DevaiyDevaiy/Docs
← Back to app

Authentication

Let your app’s users sign in with email/password, Google, or GitHub. Authentication is built on Supabase Auth and configured per project.

Important: this is YOUR app’s authentication

Don’t confuse this with how you sign into Devaiy itself. This page is about giving the end users of the app you’re building a way to sign in. The two are completely separate.

The dependency chain

Auth methods build on each other. You enable them in order:

  1. Supabase must be connected first. Auth lives on Supabase, so there’s nothing to enable without it. See Supabase.
  2. Enable Email/Password next. This is the foundation.
  3. Add Google or GitHub OAuth on top. These can only be enabled AFTER email/password is on.

In the Project Settings → Authentication tab, options that aren’t yet unlocked appear greyed out with a note explaining what needs to happen first.

Step 1 — Email and password

Once Supabase is connected, you have two ways to turn on email/password auth:

  • Ask the AI to enable authentication. The AI turns on the Email & Password provider in Supabase for you and builds the sign-up, sign-in, and forgot-password screens in the same turn. Easiest path.
  • Enable it yourself from the Authentication tab. Click Enable on the Email & Password card to configure the Supabase provider, then tell the AI — e.g. “I’ve enabled email/password auth, please add the sign-up and sign-in screens” — and it’ll wire up the frontend.

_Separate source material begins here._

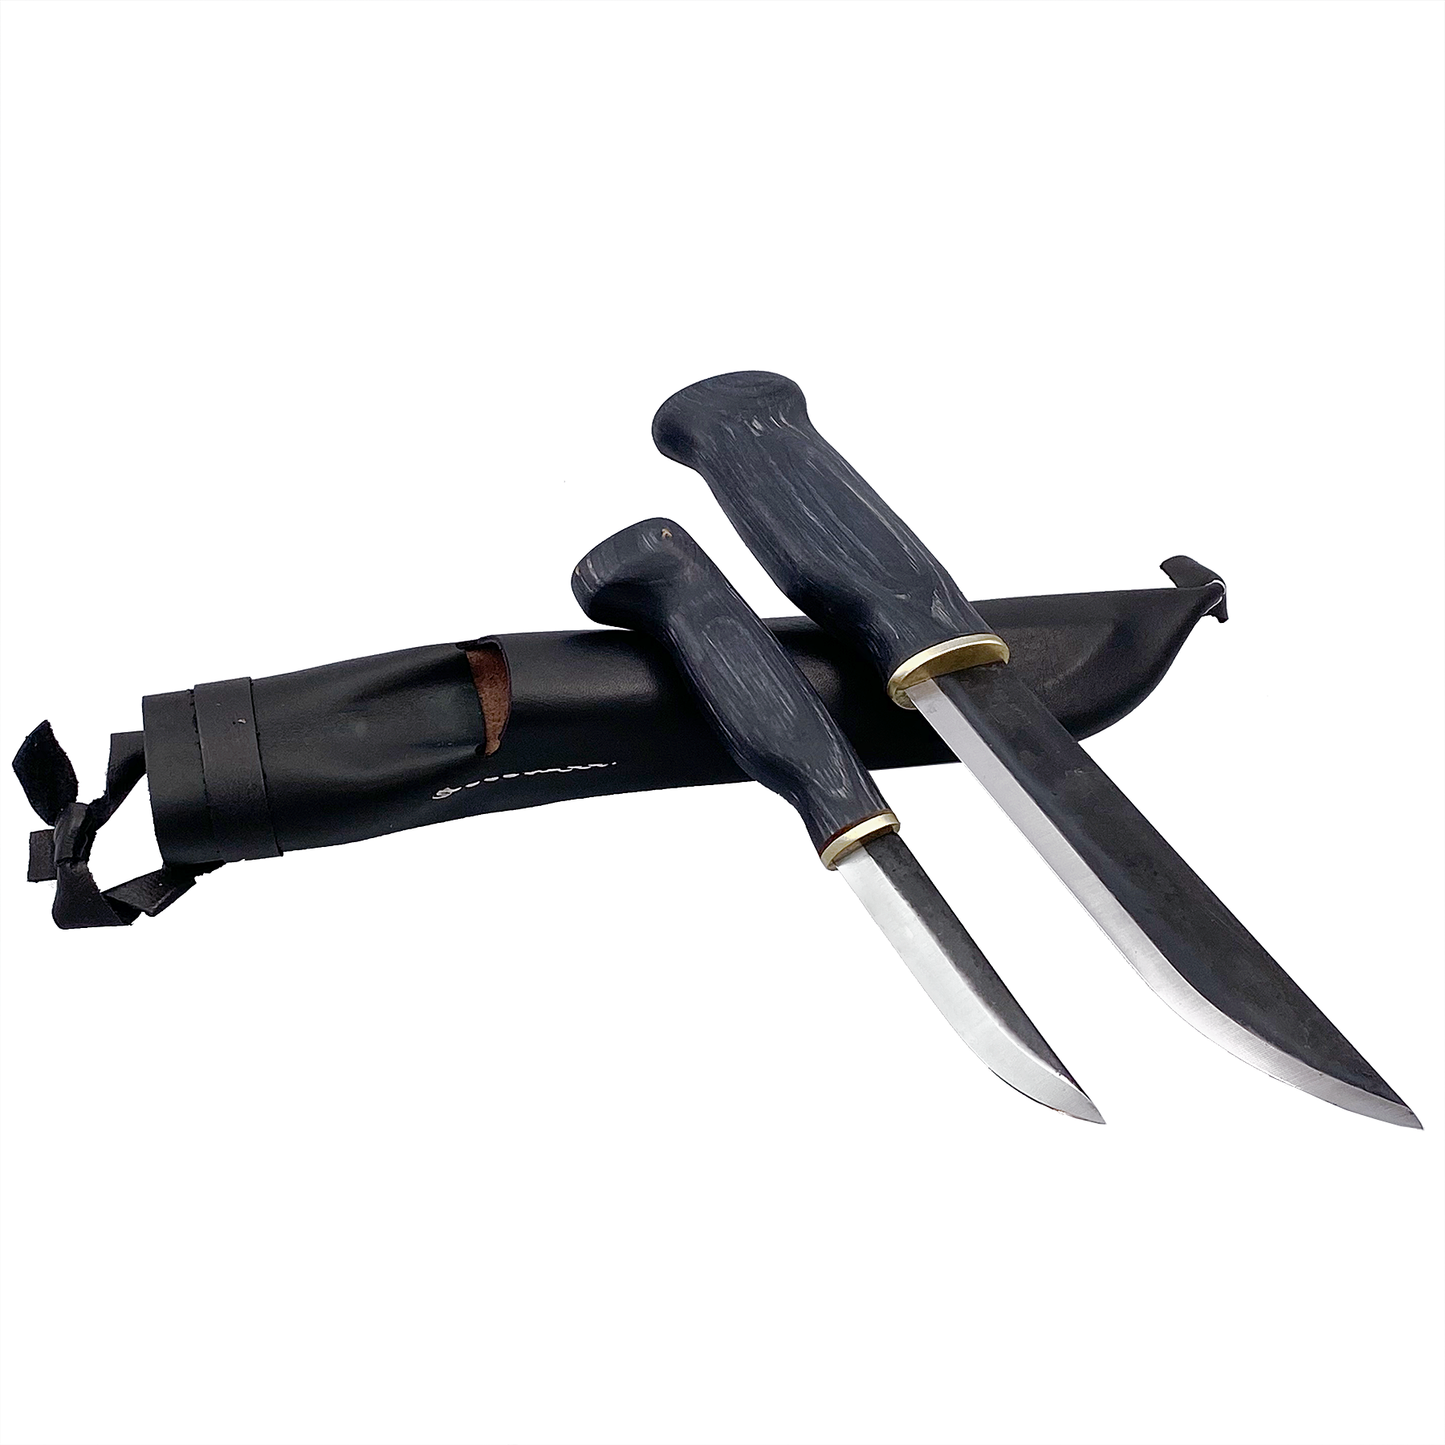 Dubbelkniv 17 cm huggare och 9,5 cm svart trä knivslida i svart läder

Either way, the AI uses the standard Supabase Auth client (supabase.auth.signUp, supabase.auth.signInWithPassword, etc.) and the resulting session is stored in the user’s browser automatically.

Step 2 — Google OAuth

After Email is enabled, the Google card unlocks. You’ll need to provide a Google Client ID and Client Secret — these come from the Google Cloud Console.

Quick setup in Google Cloud Console:

  1. Create a project (or use an existing one).
  2. Configure the OAuth consent screen with: app name, support email, and the single “openid email profile” scope set (avoid any sensitive scopes — those trigger Google’s formal review process).
  3. Create an OAuth client ID of type “Web application”.
  4. Add the Supabase callback URL to authorized redirect URIs. Devaiy shows you the exact URL after you click Configure on the Google card — copy it from there.
  5. Copy the Client ID and Client Secret, paste them into Devaiy’s Configure dialog, click Save.

After saving, head back to the AI chat and let it know — e.g. “I’ve saved my Google Client ID and Secret, please add a Sign in with Google button to the login screen” — so the AI can make the frontend changes. Saving credentials only configures Supabase; the frontend wiring is a separate step.

Step 3 — GitHub OAuth

Same idea, with GitHub as the provider. In GitHub Developer Settings → OAuth Apps → New OAuth App, set:

  • Application name: whatever you want users to see
  • Homepage URL: your app’s deployed URL (or localhost for testing)
  • Authorization callback URL: Devaiy shows you the exact URL when you click Configure on the GitHub card — copy it from there.

Click Generate a new client secret, copy Client ID and Client Secret, paste them into Devaiy, Save.

After saving, head back to the AI chat and let it know — e.g. “I’ve saved my GitHub Client ID and Secret, please add a Sign in with GitHub button to the login screen” — so the AI can make the frontend changes. Saving credentials only configures Supabase; the frontend wiring is a separate step.

Where credentials are stored

Devaiy doesn’t store your Google or GitHub Client Secrets in our database. They go directly into your Supabase Auth configuration. Devaiy connects to your Supabase via OAuth (limited scope) and updates the auth provider settings — Supabase then handles the actual OAuth flow for your end users.

Troubleshooting

  • “redirect_uri_mismatch” error from Google/GitHub. The callback URL in your OAuth app config must exactly match the one Devaiy shows you. Copy-paste from Devaiy’s Configure dialog, don’t retype.